Required action: Pictures stay out. All the rest of the records must be repeated exactly.

Supplied information:
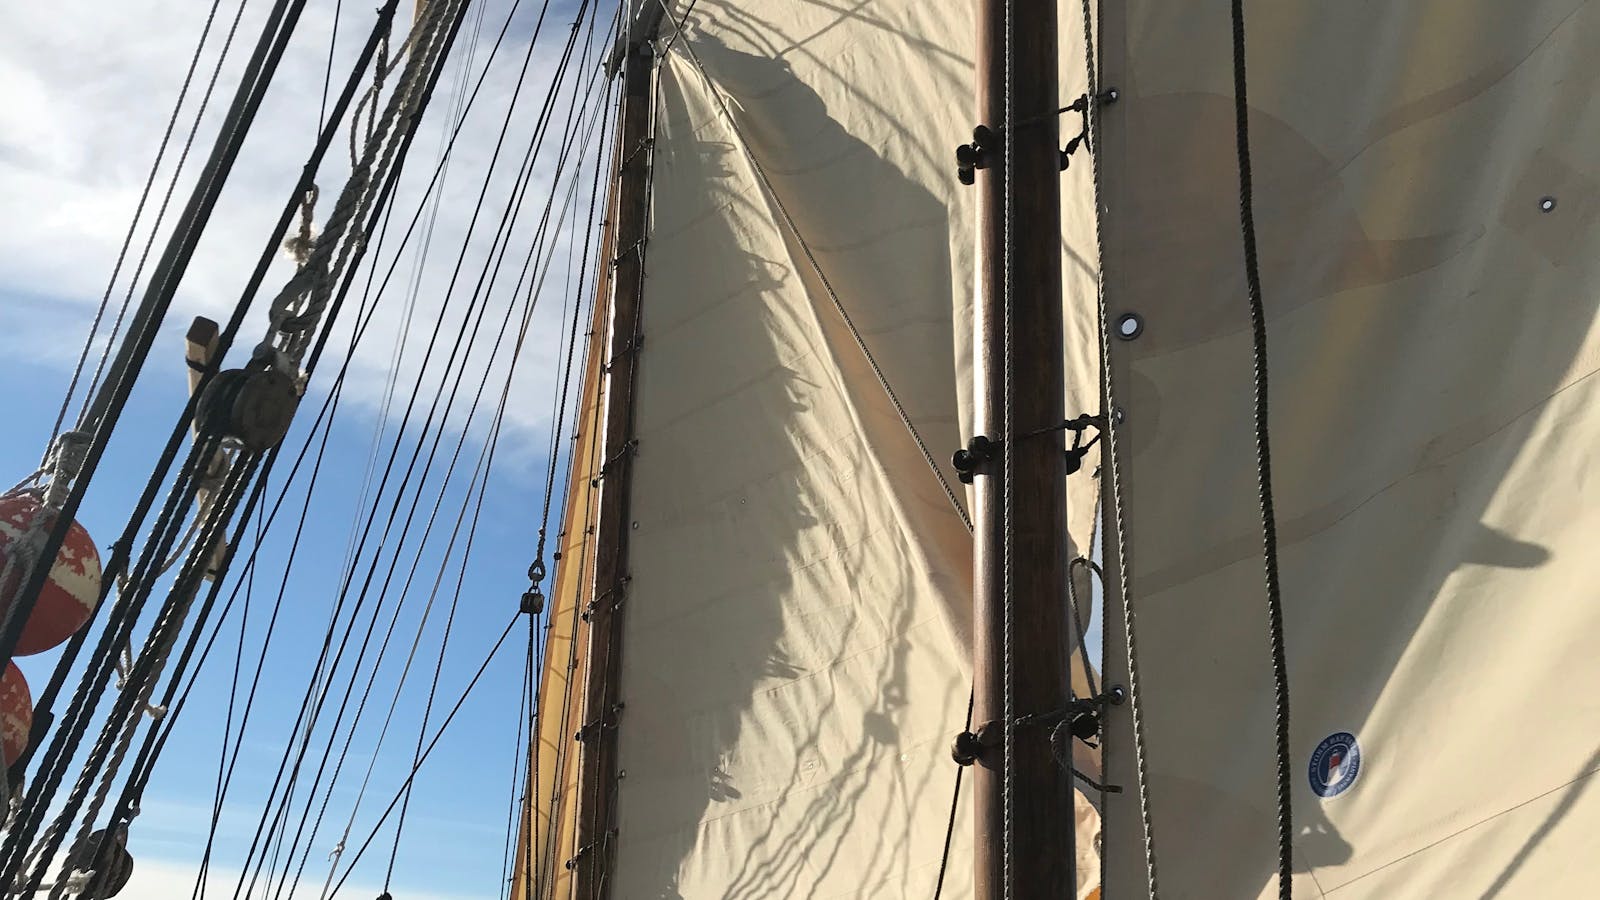 SV Rhona H Sails set
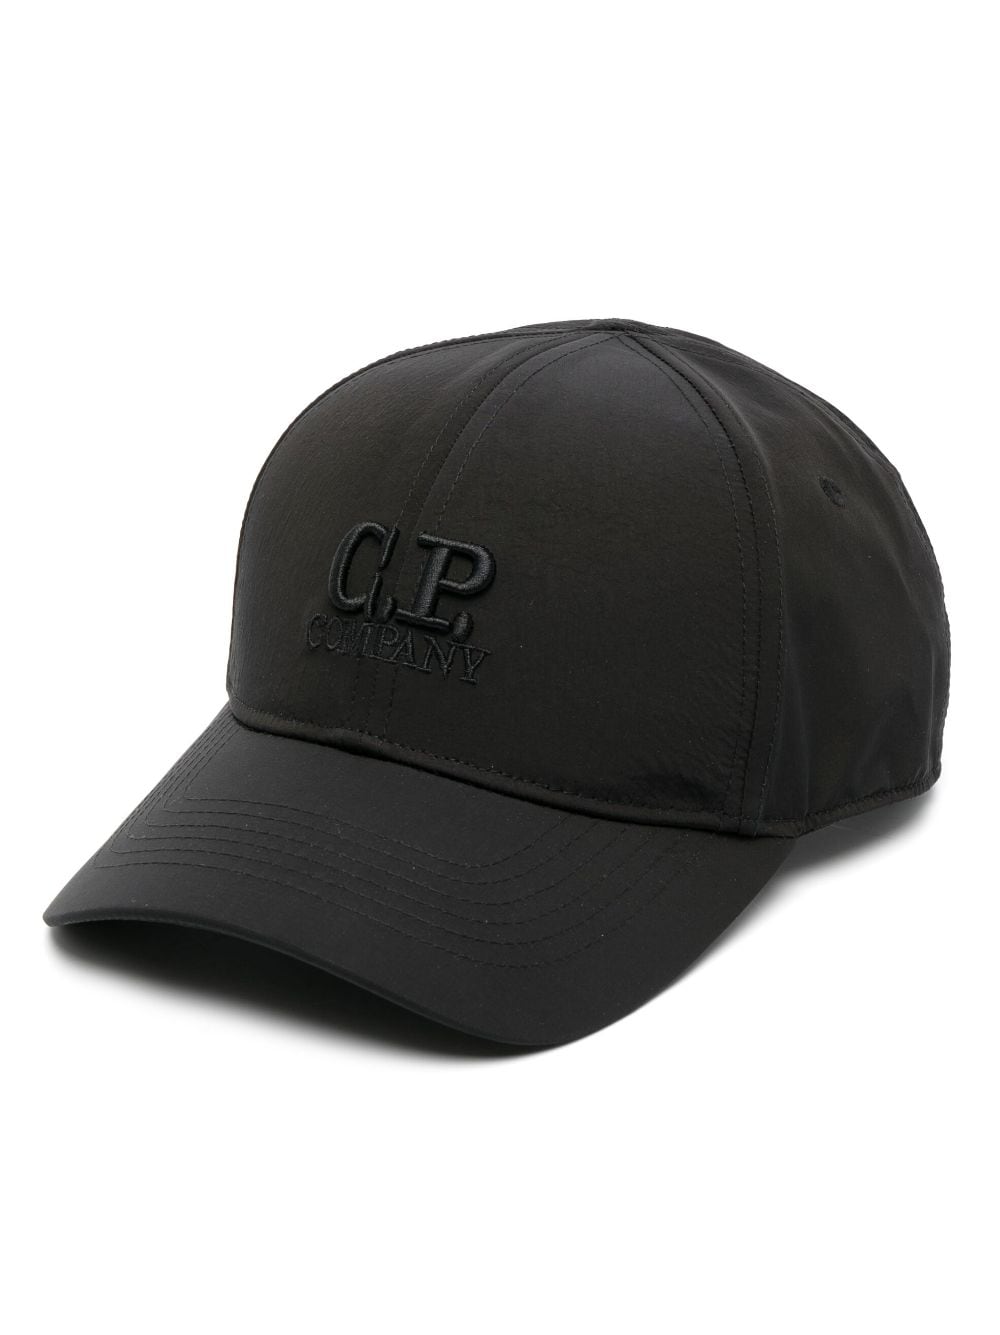 C.P Company Casquette Black Chrome-R à logo - Lothaire
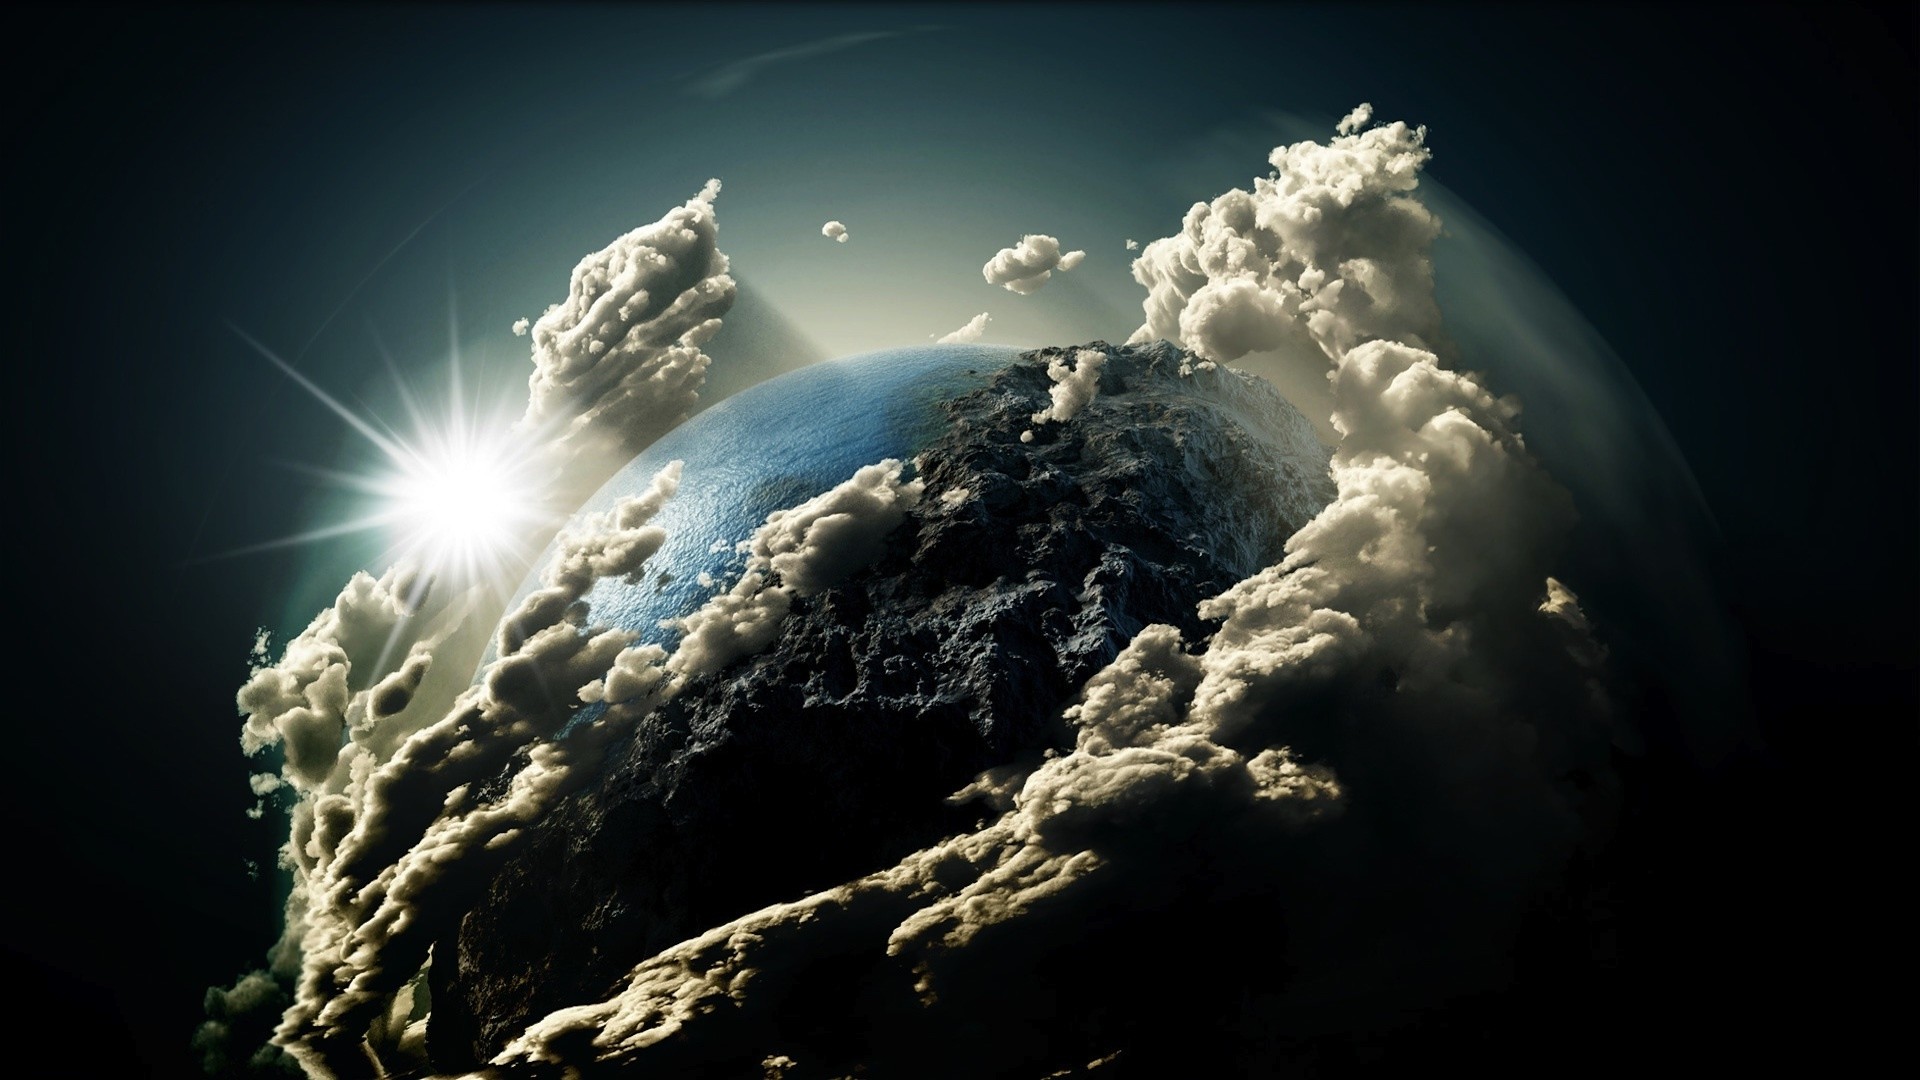 Chúng ta thường nhìn lên mây để tìm kiếm sự yên bình và thanh tịnh. Hình ảnh đám mây trái đất này sẽ mang lại cho bạn những cảm xúc đó và khiến bạn đắm say trong không gian tự nhiên đầy kỳ vĩ.
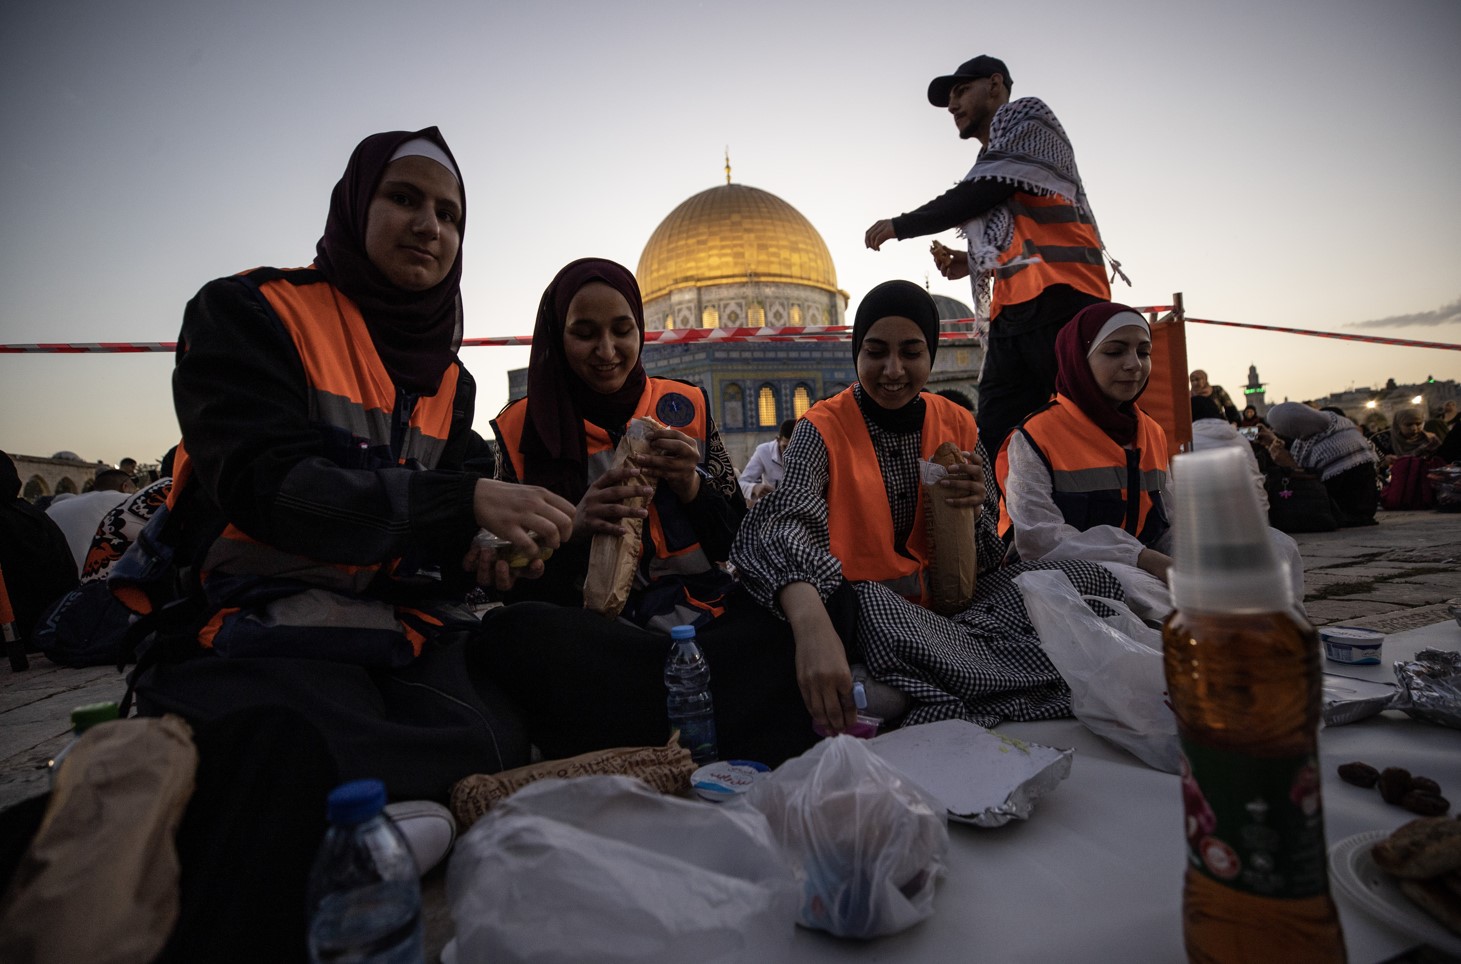 Filistin'in ve dünyanın dört bir yanından Kudüs'e gelerek Mescidi Aksa'daki geleneksel iftar sofralarında buluşan Müslümanlar, burada Ramazan günlerinin manevi ikliminin benzersiz olduğunu belirtiyor.
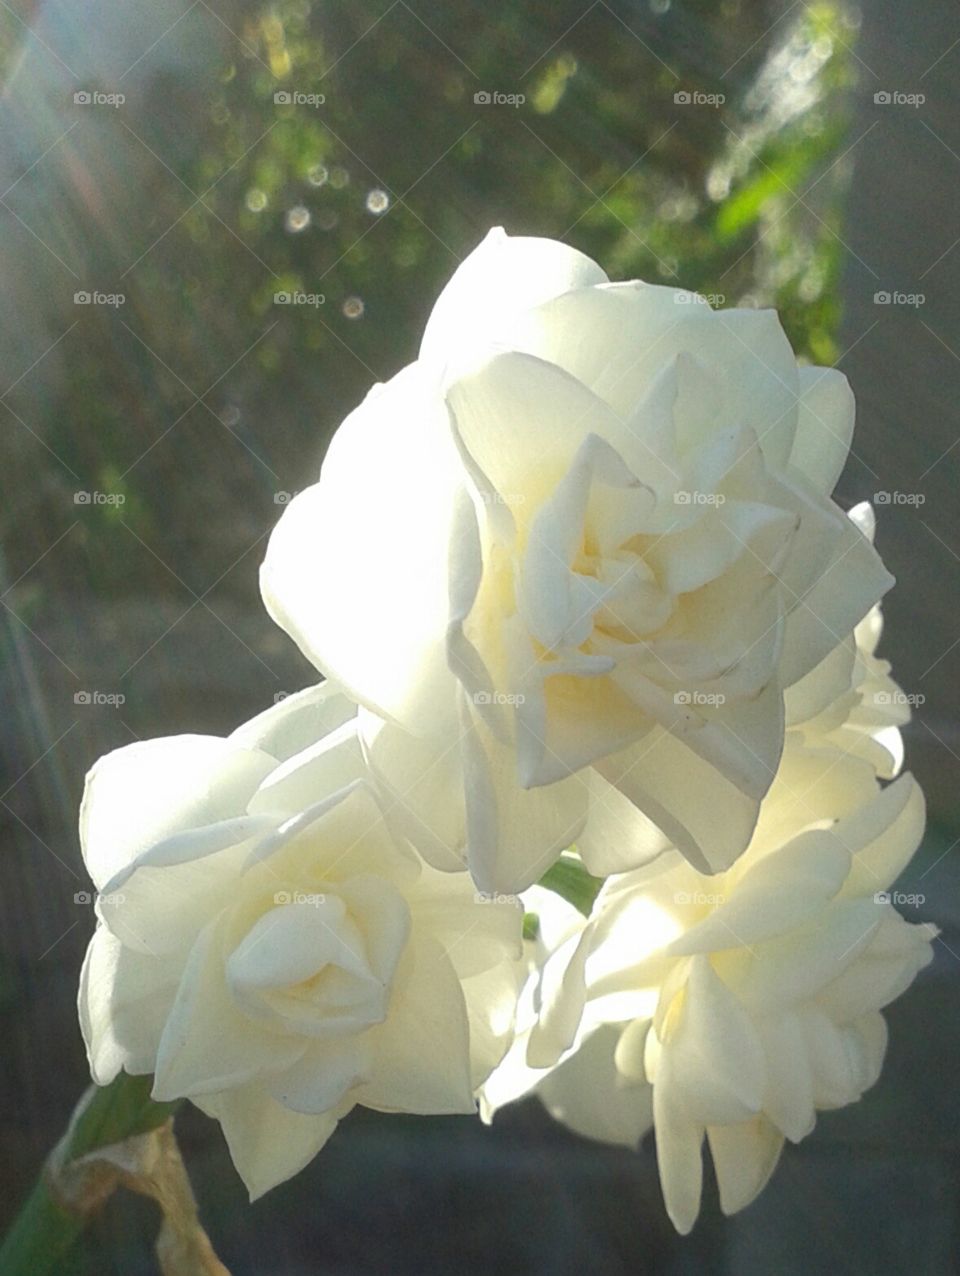 rays of beautiful sunshine lighting up these white beauties.
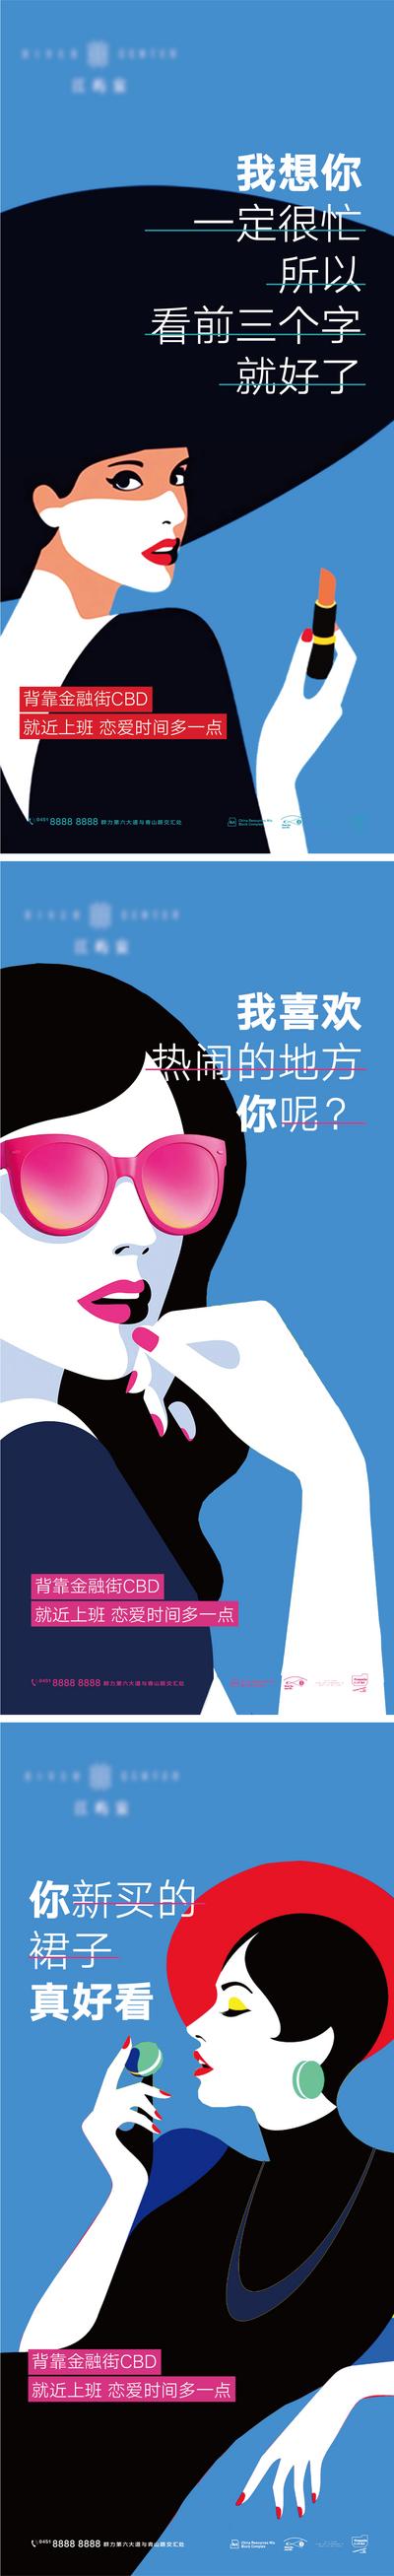 【南门网】海报 房地产 公历节日 妇女节 女神节 女人 商业 插画 高级 波普 系列

Exercise result:
 SV Rhona H Sails set
 C.P Company Casquette Black Chrome-R à logo - Lothaire
 Chúng ta thường nhìn lên mây để tìm kiếm sự yên bình và thanh tịnh. Hình ảnh đám mây trái đất này sẽ mang lại cho bạn những cảm xúc đó và khiến bạn đắm say trong không gian tự nhiên đầy kỳ vĩ.
 Filistin'in ve dünyanın dört bir yanından Kudüs'e gelerek Mescidi Aksa'daki geleneksel iftar sofralarında buluşan Müslümanlar, burada Ramazan günlerinin manevi ikliminin benzersiz olduğunu belirtiyor.
 rays of beautiful sunshine lighting up these white beauties.
 【南门网】海报 房地产 公历节日 妇女节 女神节 女人 商业 插画 高级 波普 系列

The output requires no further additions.